Section I.  Active Members.

Any person, firm or corporation (except attorneys at law) in the states of Connecticut, Maine, Massachusetts, New Hampshire, Rhode Island, and Vermont who is actively engaged and established as a collection agency, is licensed and/or bonded as required by law, meets the requirements of the New England Collectors Association, Inc., and ACA International, devotes 60% or more of their time to the collection business, and endorses the rules and Regulations and the Code of Ethics of the New England Collectors Association, Inc., and ACA International, may become an active member of this Association upon the approval of the Membership Committee and a favorable vote of the Board of Directors.

Section 2.  Special Members.

a) Retired Collectors.  There shall be a special division of this Association known as the Retired Collectors.  Any person who has retired as owner, partner, corporate officer or manager of a member agency in good standing at the time of retirement shall be eligible for membership in this Division upon submitting a letter of intent and payment of an annual fee to be established by the Board of Directors. The purpose of this Division shall be to make available the experience and expertise of its members in support, of, and assistance to, the over-all goals of this Association. Membership in this Division shall not confer the right of Vote in any matters of business of this Association.

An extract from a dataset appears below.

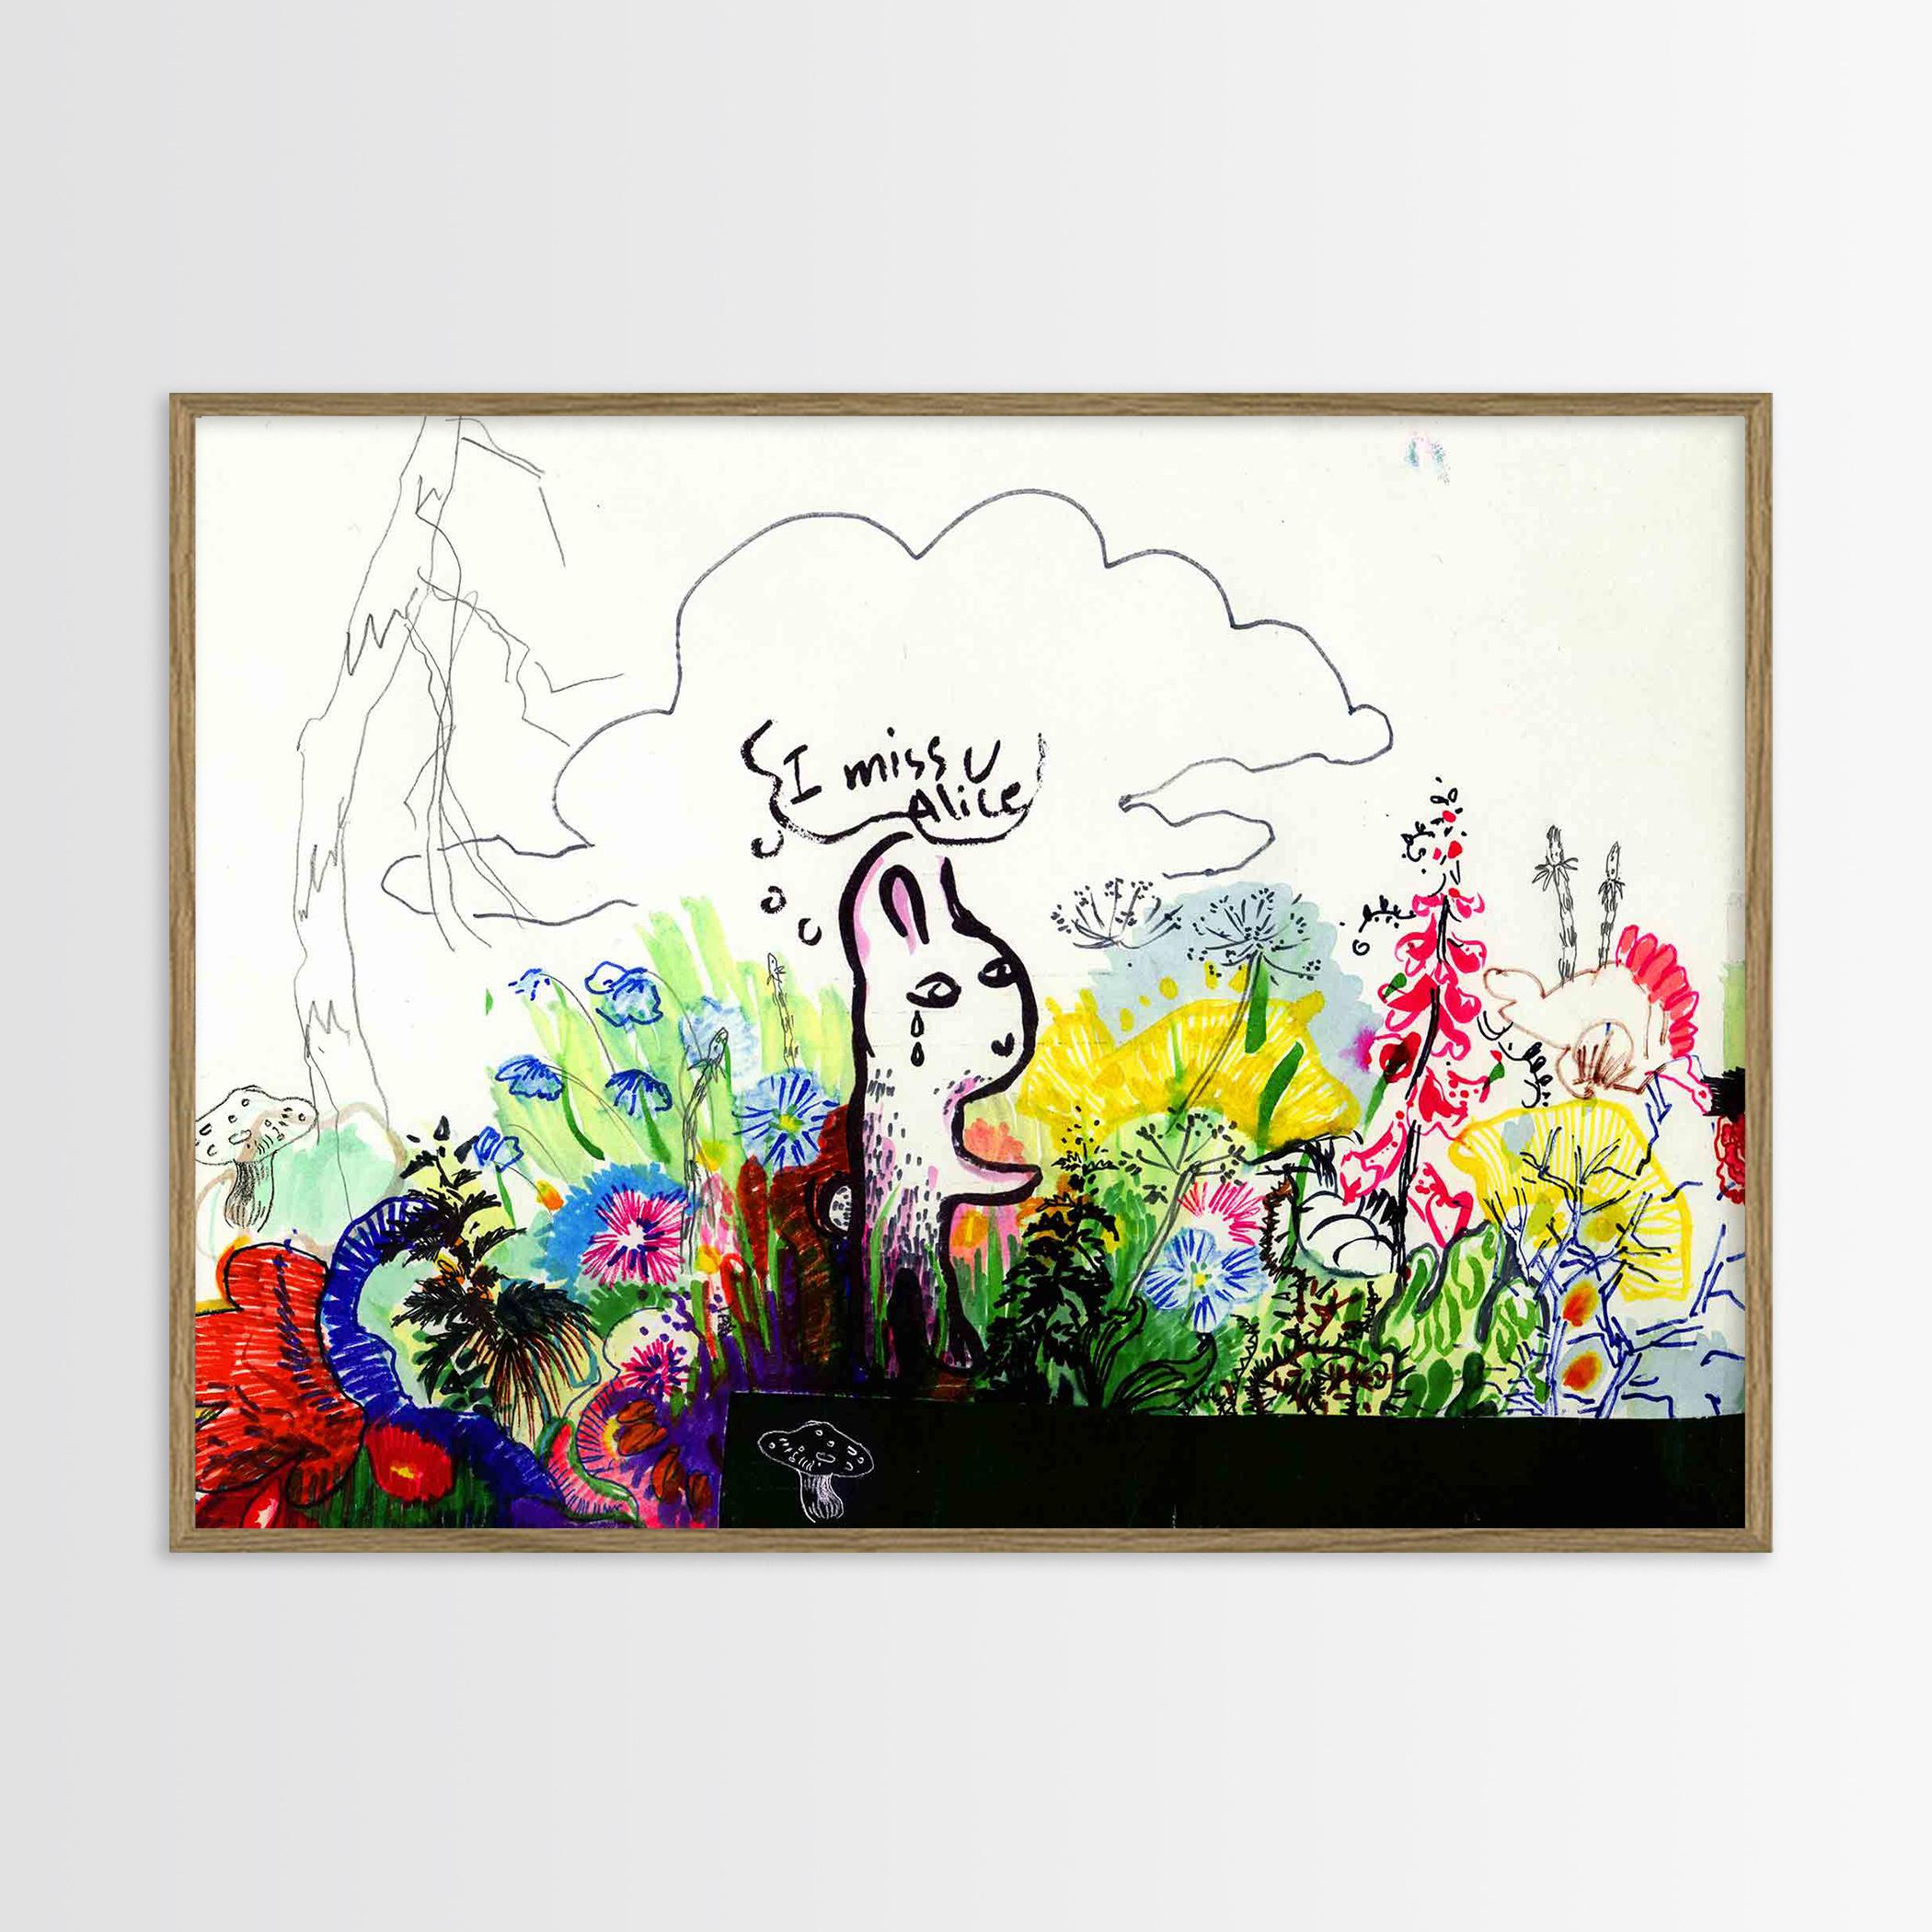 plakater-posters-kunsttryk, giclee-tryk, æstetiske, landskab, botanik, humor, natur, kæledyr, vilde-dyr, grønne, røde, gule, blæk, papir, sjove, københavn, sød, dansk, dekorative, design, blomster, interiør, bolig-indretning, nordisk, planter, skandinavisk, sceneri, vilde-dyr, Køb original kunst og kunstplakater. Malerier, tegninger, limited edition kunsttryk & plakater af dygtige kunstnere.
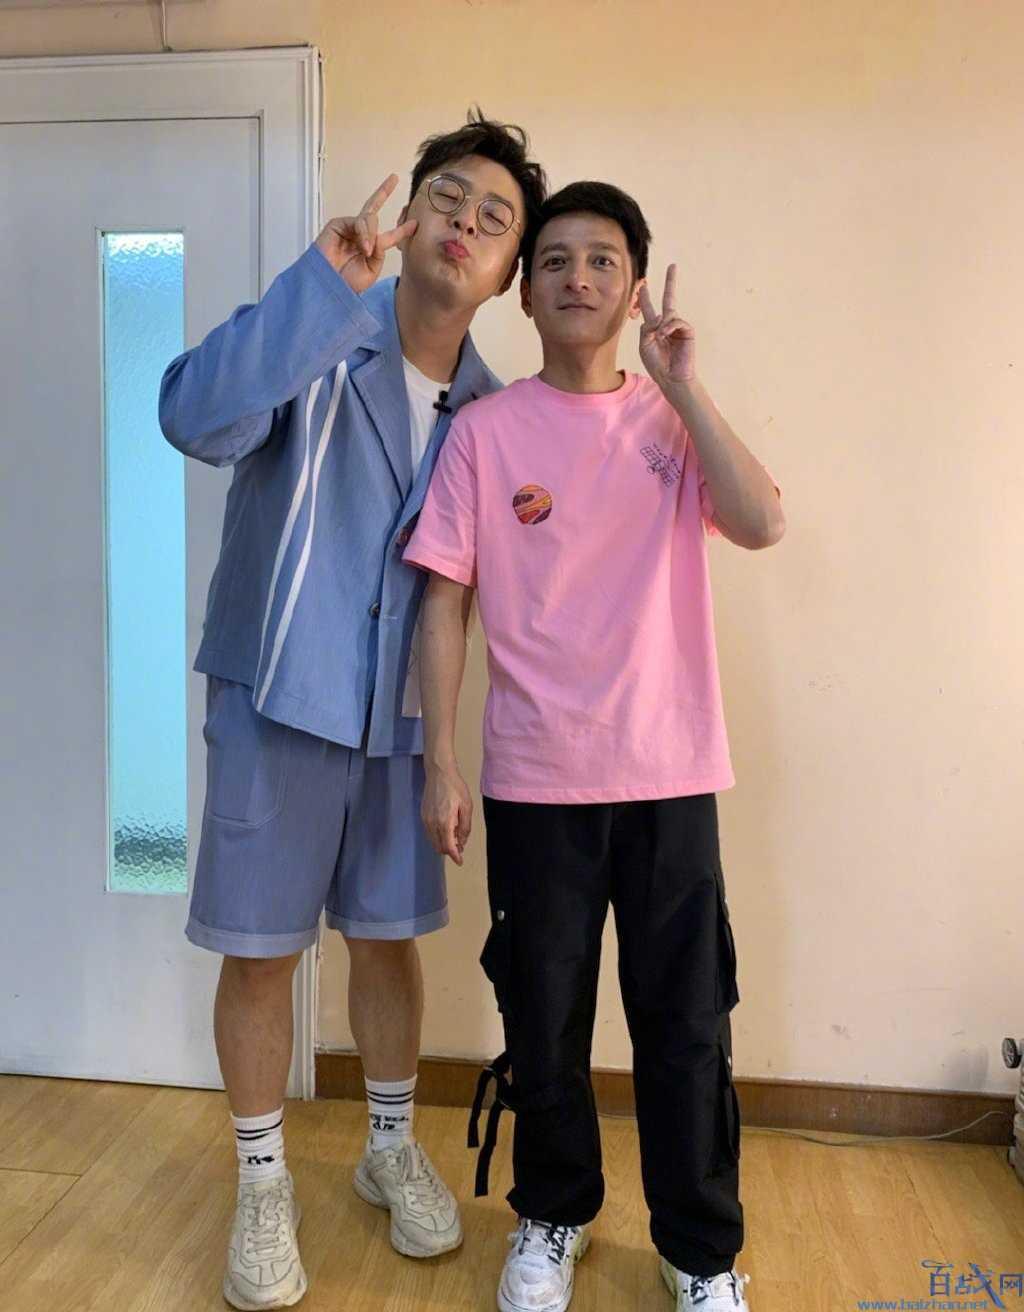 杜海涛瘦身成功初露小哥哥气质,和维嘉比耶兄弟情深意味足

b) Credit Reporting Companies.  There shall be a special division of this Association known as the Credit Reporting Division.  Any person, firm or corporation engaged in the business of providing consumer and/or commercial credit reports to credit grantors, but not engaged in the collection of past due accounts, may become a member of this Division by making application in the same manner as regular members, provided:  1) That their reporting activity is sufficient to properly identify them as part of the credit reporting industry, and 2) That they have complied with all Federal laws and those statutes and ordinances for the States that apply to the activities in which the applicant engages.  Application may also be made in the same fashion by any credit reporting office under the same ownership as a regular member, whether located at the same address or at a separate address, provided it is within the geographic area of this Association.  Continued membership in this Division shall be governed in the same fashion as for regular members, except that it shall be a prerequisite of credit reporting members under the same ownership as a regular member that the regular membership be maintained.  The purpose of this Division shall be to provide its members with suitable services and to broaden the store of knowledge in the credit and collection field for all members. Members shall pay dues as established by the Board of Directors, shall be entitled to register for all meetings of this Association and to such other benefits as the Board of Directors may decide.  Membership in this Division shall not confer the right of vote in any matters except those directly affecting the Division.

c) Map Attorney Members and Affiliate Members.  There shall be a special division of this Association known as Map Attorney Members and Affiliate Members.  Any person or entity who maintains a membership in ACA International as a Map Attorney or Affiliate Member may become a member of this category by making application which certifies: they are a member in good standing of ACA International's Map Attorney Program or Affiliate Member division; and they agree to be bound by the Association's Bylaws, Code of Ethics and Rules of Conduct.  Membership in this category shall not confer the right to vote in any matters of business of this Association.

Section 3.  Application for membership shall be made on application forms provided by the Association for that purpose and shall be submitted to the Membership Chairperson.

Section 4.  If any member shall own or acquire one or more branch offices, the member may make applications for membership for such branch offices. Membership granted to such branch offices shall carry the privileges and responsibilities as other active memberships, with the exception that no vote shall be afforded said branch office; provided, however, that if at any time the parent member shall fail to exercise its right to vote, said vote may be cast by any one of the branch offices so delegated by the parent office.

Section 5.  After due hearing and vote by majority of the Board of Directors, a member may be suspended from membership for:  a) failure to pay dues within sixty (60) days after due notification, or b) unethical conduct, or c) violation of the Association's Code of Ethics or Constitution and By-Laws, or d) conduct bringing disrepute upon the Association and/or the Collection profession.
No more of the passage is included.